[Work instructions] Which lines run from the one with "Main Image - Western Chief 'Wings' Umbrella" through the end of the data? Retype them exactly, without pictures.

(Beginning of Given material)

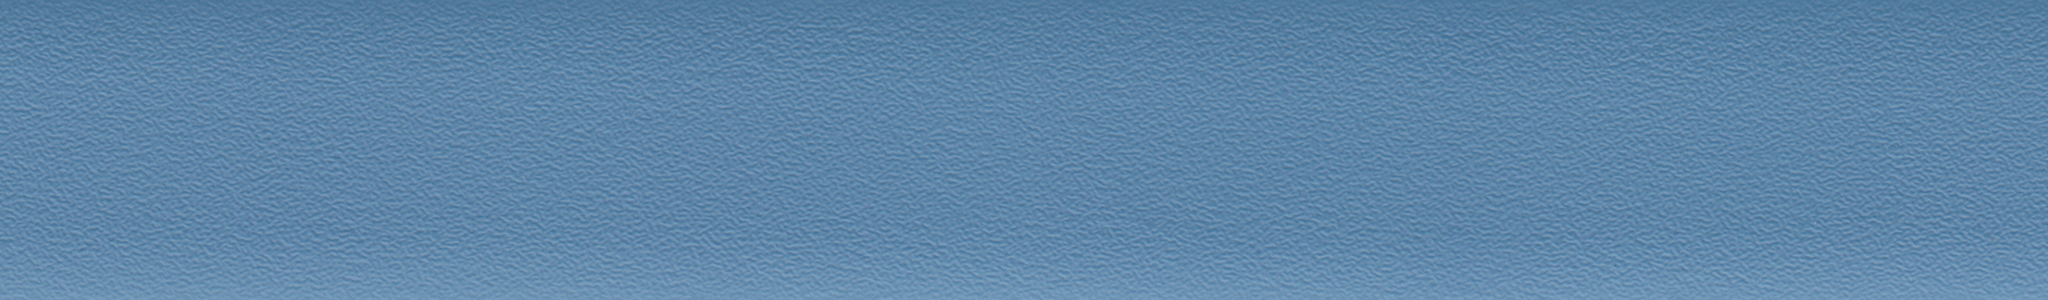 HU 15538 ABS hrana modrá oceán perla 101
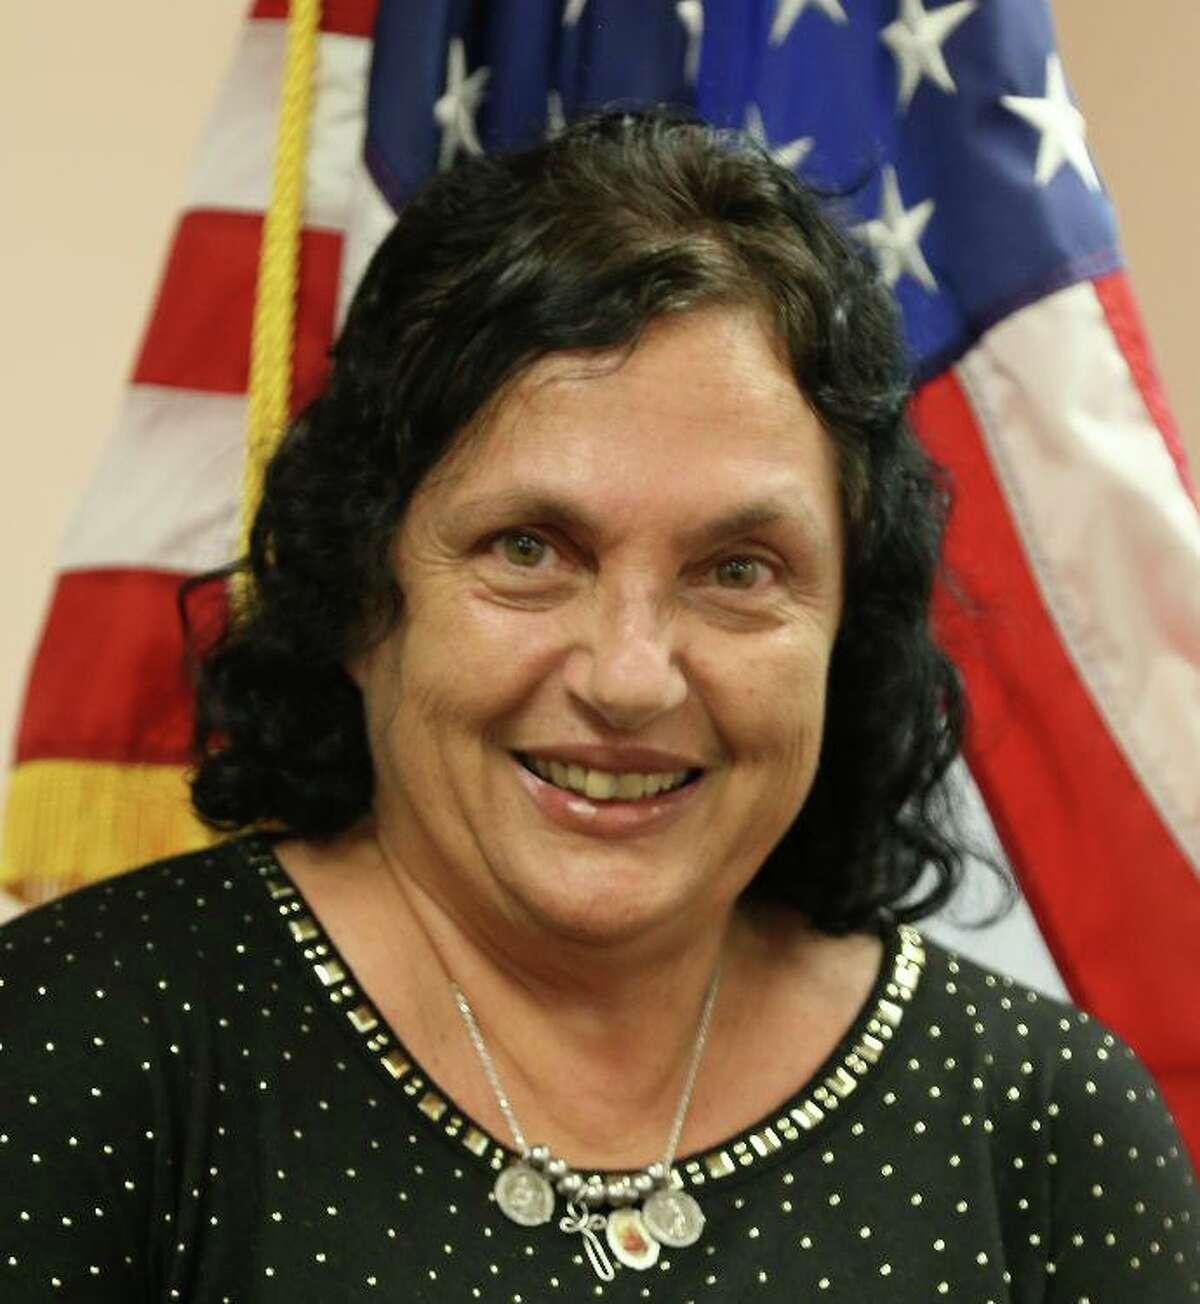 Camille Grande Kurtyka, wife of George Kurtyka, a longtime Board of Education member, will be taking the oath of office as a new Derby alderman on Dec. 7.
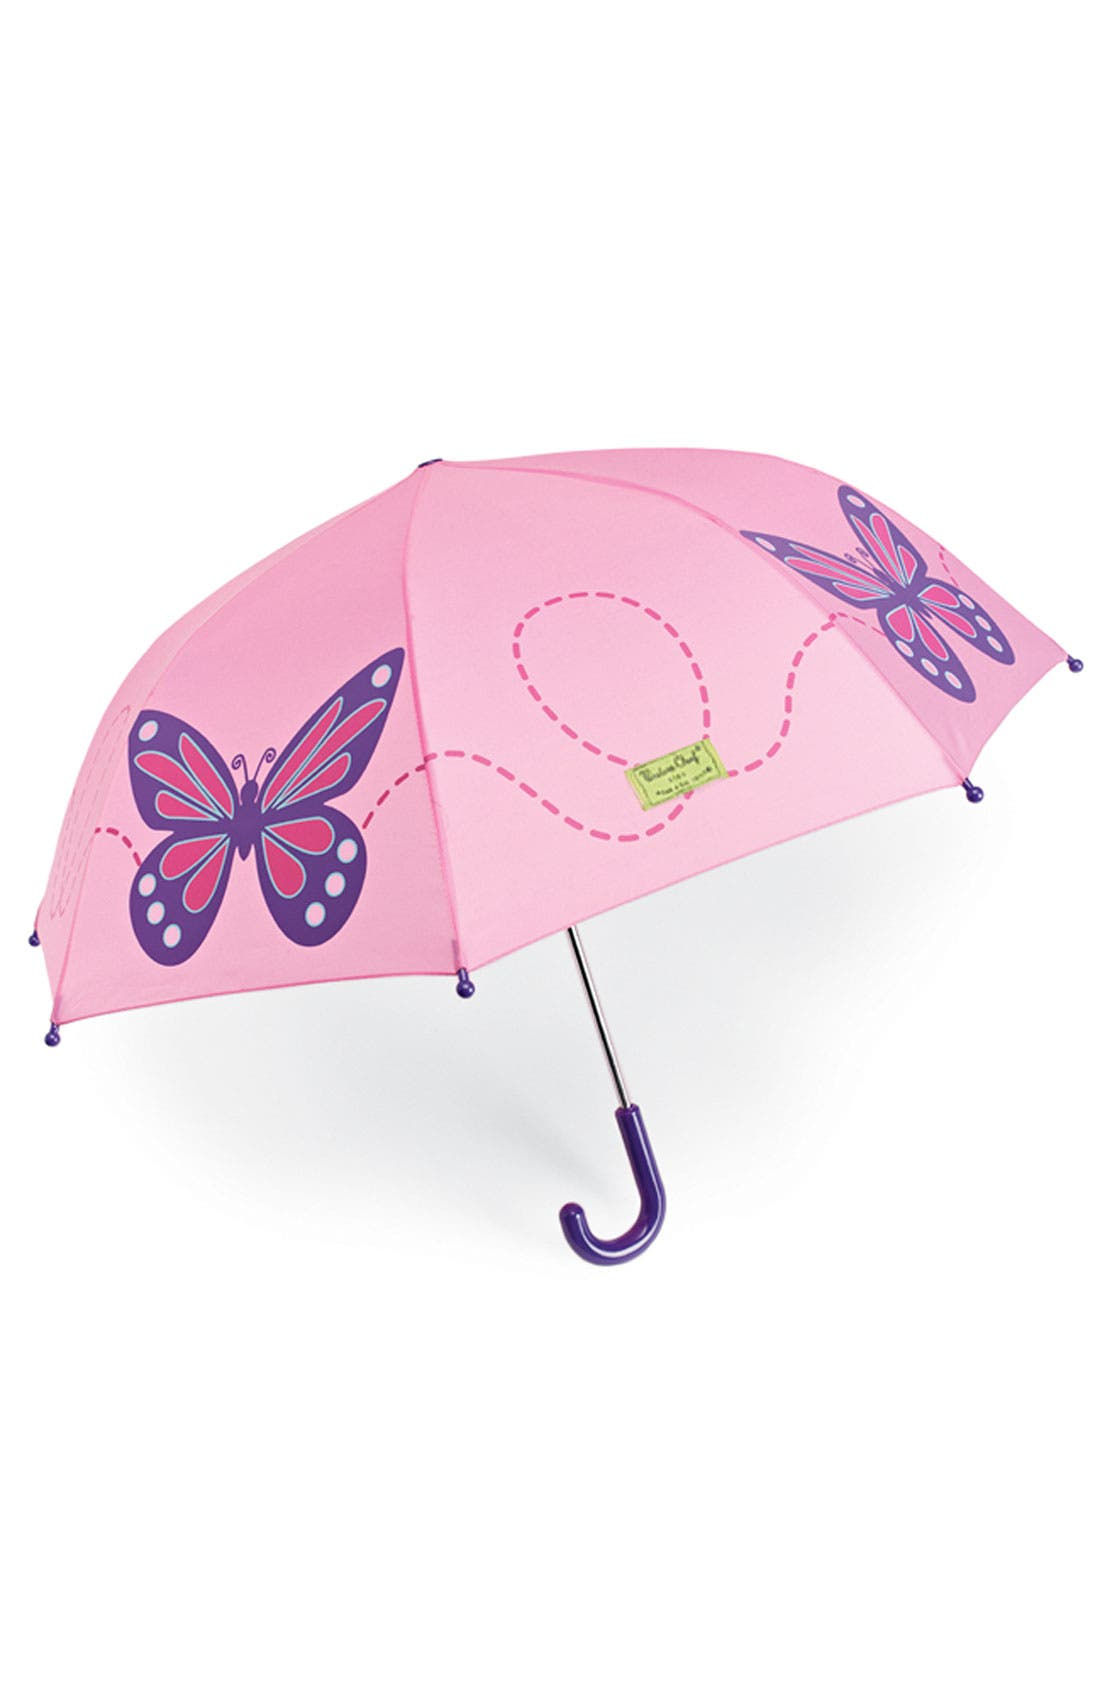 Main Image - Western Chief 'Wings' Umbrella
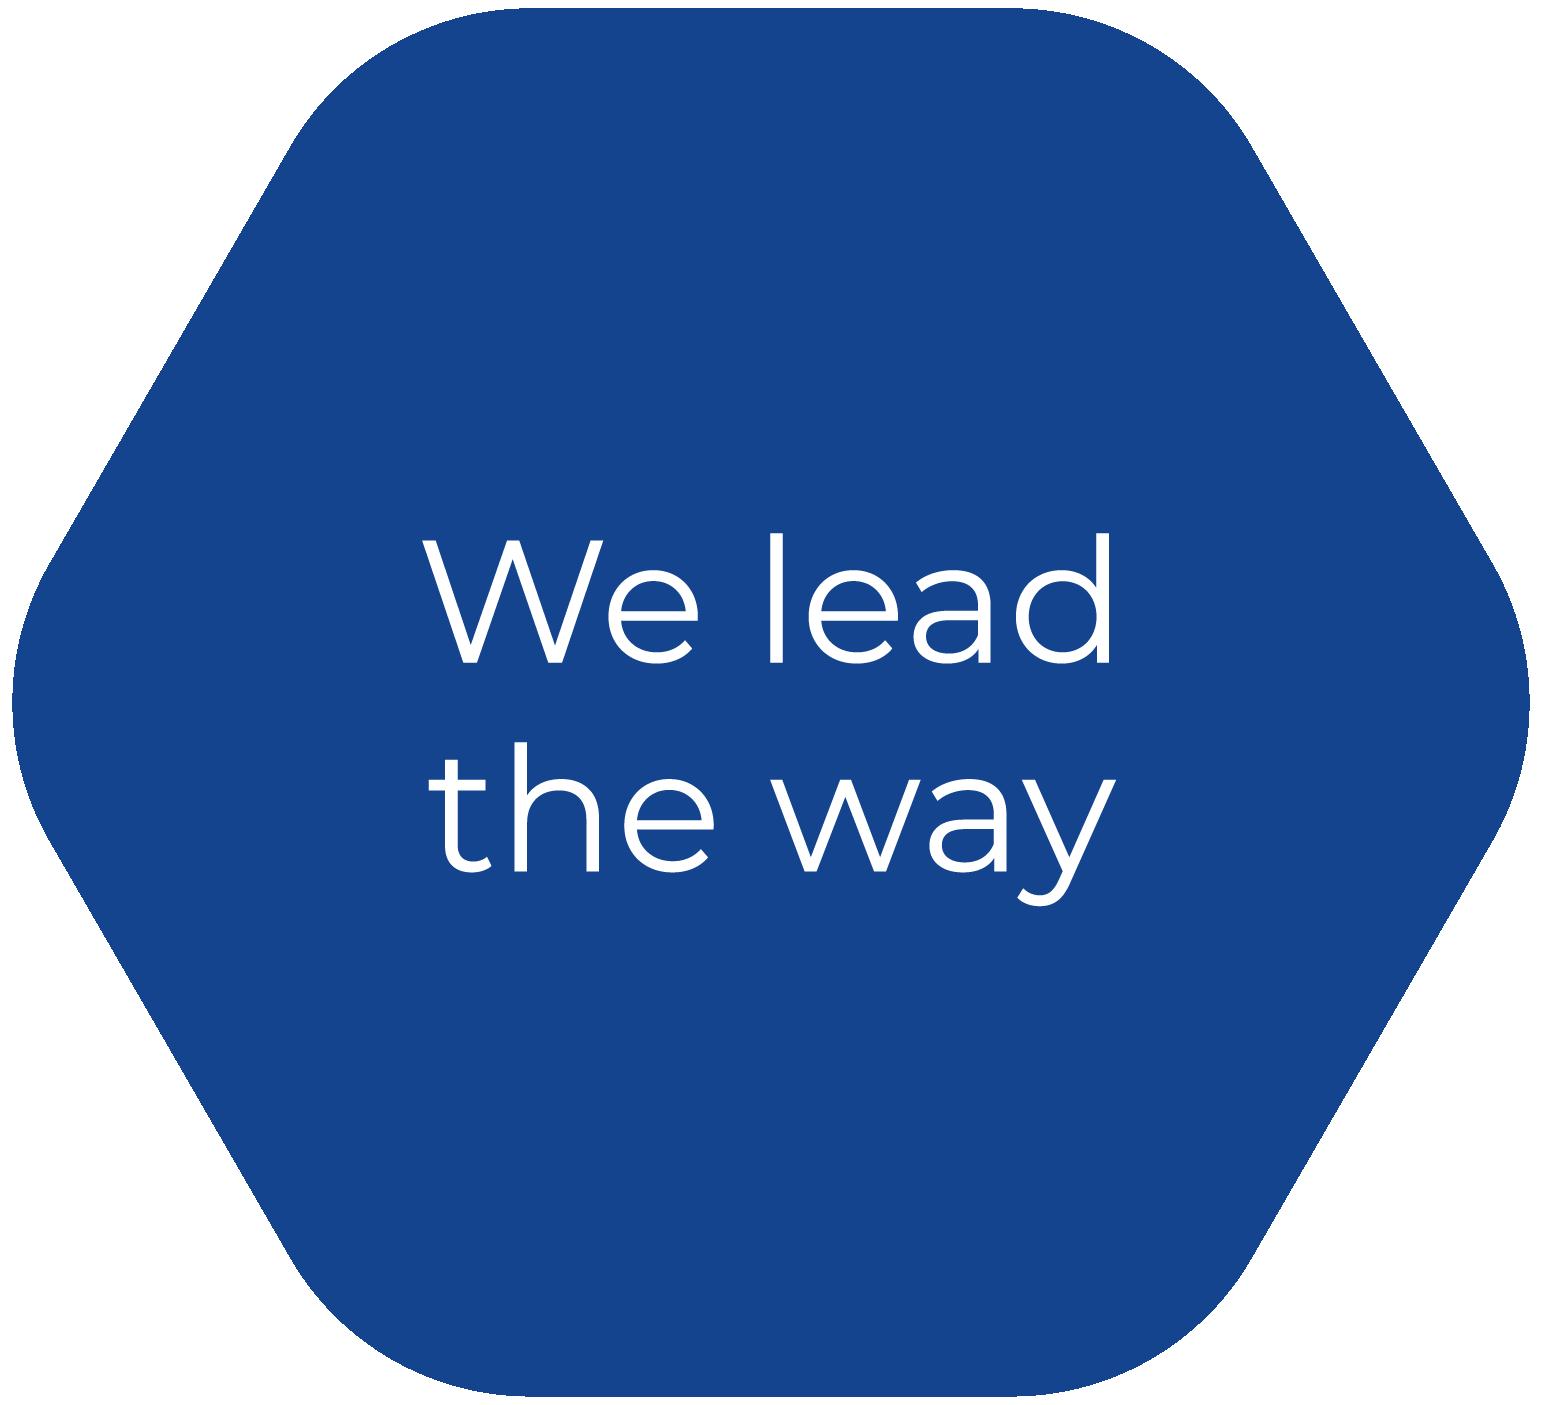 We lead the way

(End of Given material)

[Response]
 Main Image - Western Chief 'Wings' Umbrella
 We lead the way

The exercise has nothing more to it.